The seasonally adjusted BoP data related to the EU28 include the total current account and its
main sub-items (i.e. goods, services, income and current transfers) and start from reference
quarter 1999Q1.
This note describes how seasonal adjustment is performed and presents the results for the EU
quarterly balance of payments data.
The seasonally adjusted series are obtained by removing any significant seasonal and
calendar effects from the raw series by TRAMO-SEATS method.
Because of calendar effect adjustment, the sum of the seasonally adjusted quarterly data does
not fully match the published non-seasonally adjusted annual aggregates. Quality of annual
totals was checked and evaluated as “good”. Discrepancies have been insignificant for all
credit and debit series (the highest for services, credits – 0.07%), as well as for net results,
being only more substantial for income. It was decided not to force equality over the year
between the seasonally adjusted data and the raw data, as it could result in the bias in adjusted
figures.
The original modelling of the times series was carried out with the raw series data for
quarters from 1999Q1 until 2013Q3.1 Following the approach used for Euro Area seasonally
adjusted data compiled by the ECB, a direct approach was chosen also for the most
important EU aggregates. This means that the adjustments are made directly for the EU
aggregates, instead of adjusting the underlying country contributions and aggregating them
afterwards.
Out of the fifteen seasonally adjusted series to be published, eight series are produced using
“direct adjustments”, i.e. the EU aggregates for goods, income, services and current transfers
are adjusted separately for credits and debits. Indirect seasonal adjustement approach is
performed for the remaining seven series, credits and debits for the total current account, as
well as all five net flows series, i.e. the seasonally adjusted data for these series are computed
using the seasonally adjusted series of their components.

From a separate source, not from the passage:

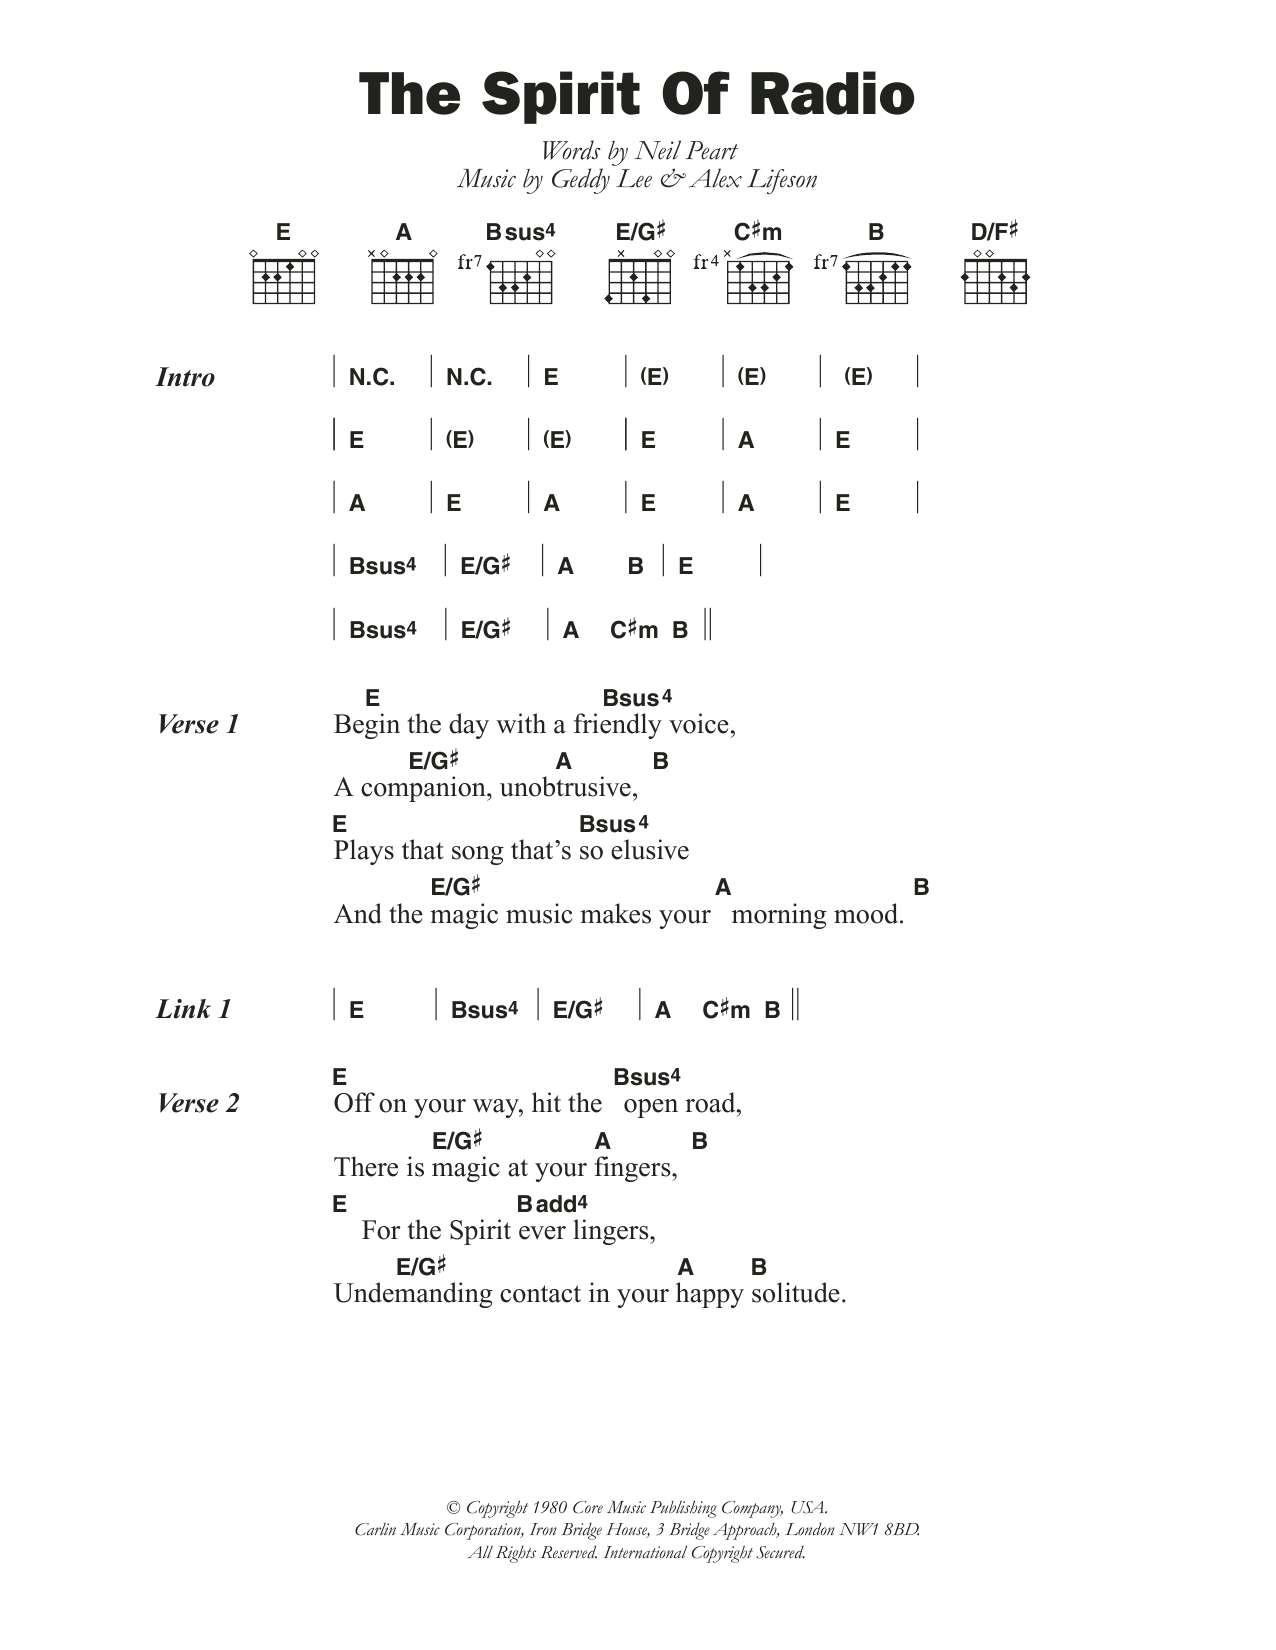 Rush The Spirit Of Radio Sheet Music Notes & Chords for Guitar Tab (Single Guitar) - Download or Print PDF
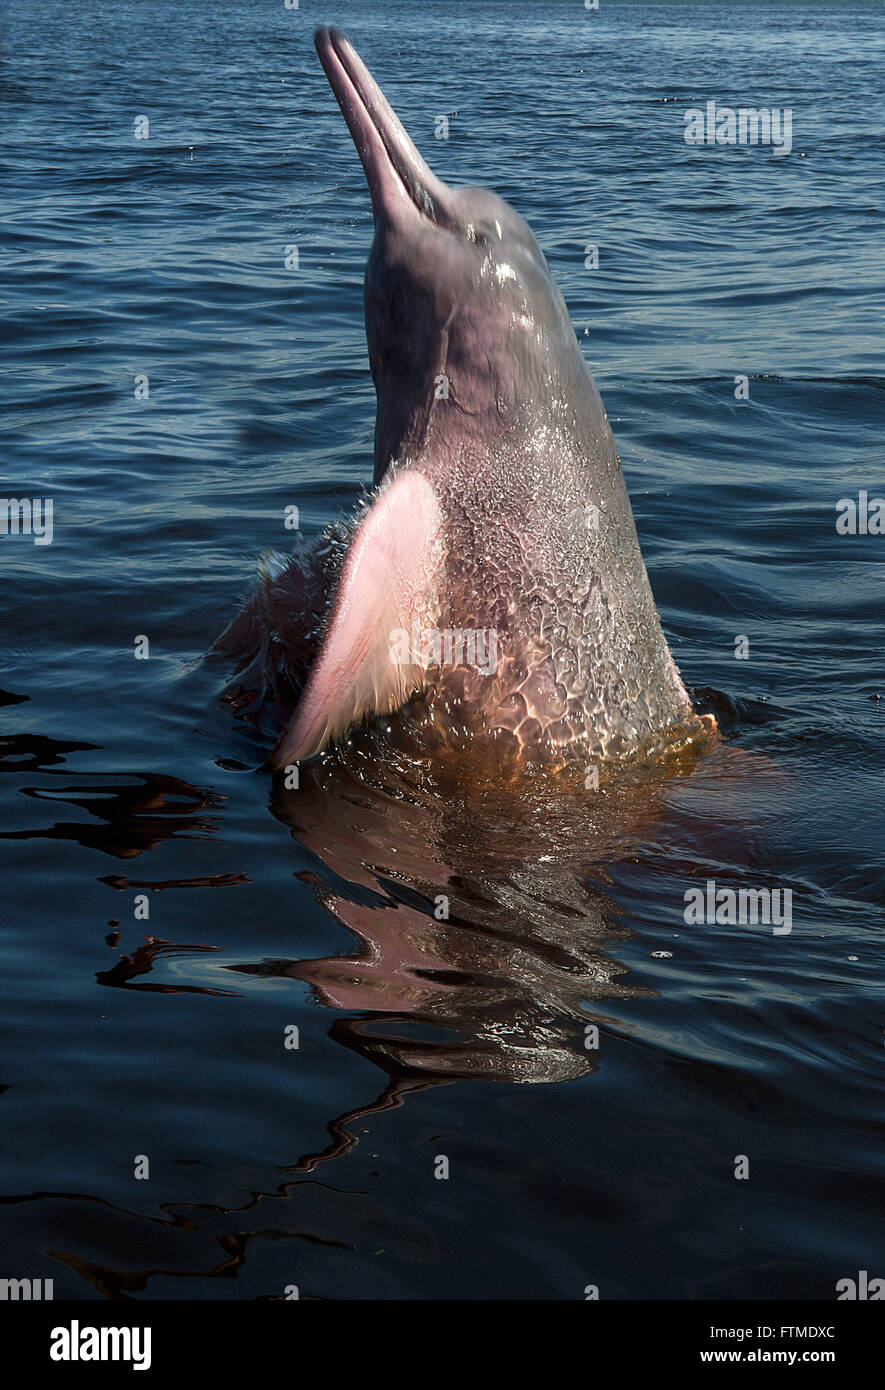 Rosaroter delfin -Fotos und -Bildmaterial in hoher Auflösung – Alamy

The seasonal adjustment revision policy follows "Partial concurrent adjustment" when raw
data series are revised backwards and "Controlled current adjustment" in those calculation
rounds when only a new observation is added to the previously existing series.2 In a review
1 The modelling results shown later in this paper include one new observation, 2013Q4, after the actual
modelling period. At the time of the modelling period all the residual tests showed good results. Following ESS
guidelines, the models are rechecked only once a year. 2 Partial concurrent adjustment refers to a seasonal adjustment revision policy, in which the model, filters,
outliers and calendar regressors are re-identified once a year and the respective parameters and factors re-
estimated every time a new or revised data becomes available. Controlled current adjustment means that
forecasted seasonal and calendar factors derived from a (previous) current adjustment are used to seasonally
adjust the new data. See ESS Guidelines on Seasonal Adjustment, Eurostat, 2009, KS-RA-09-006-EN-N, p. 23.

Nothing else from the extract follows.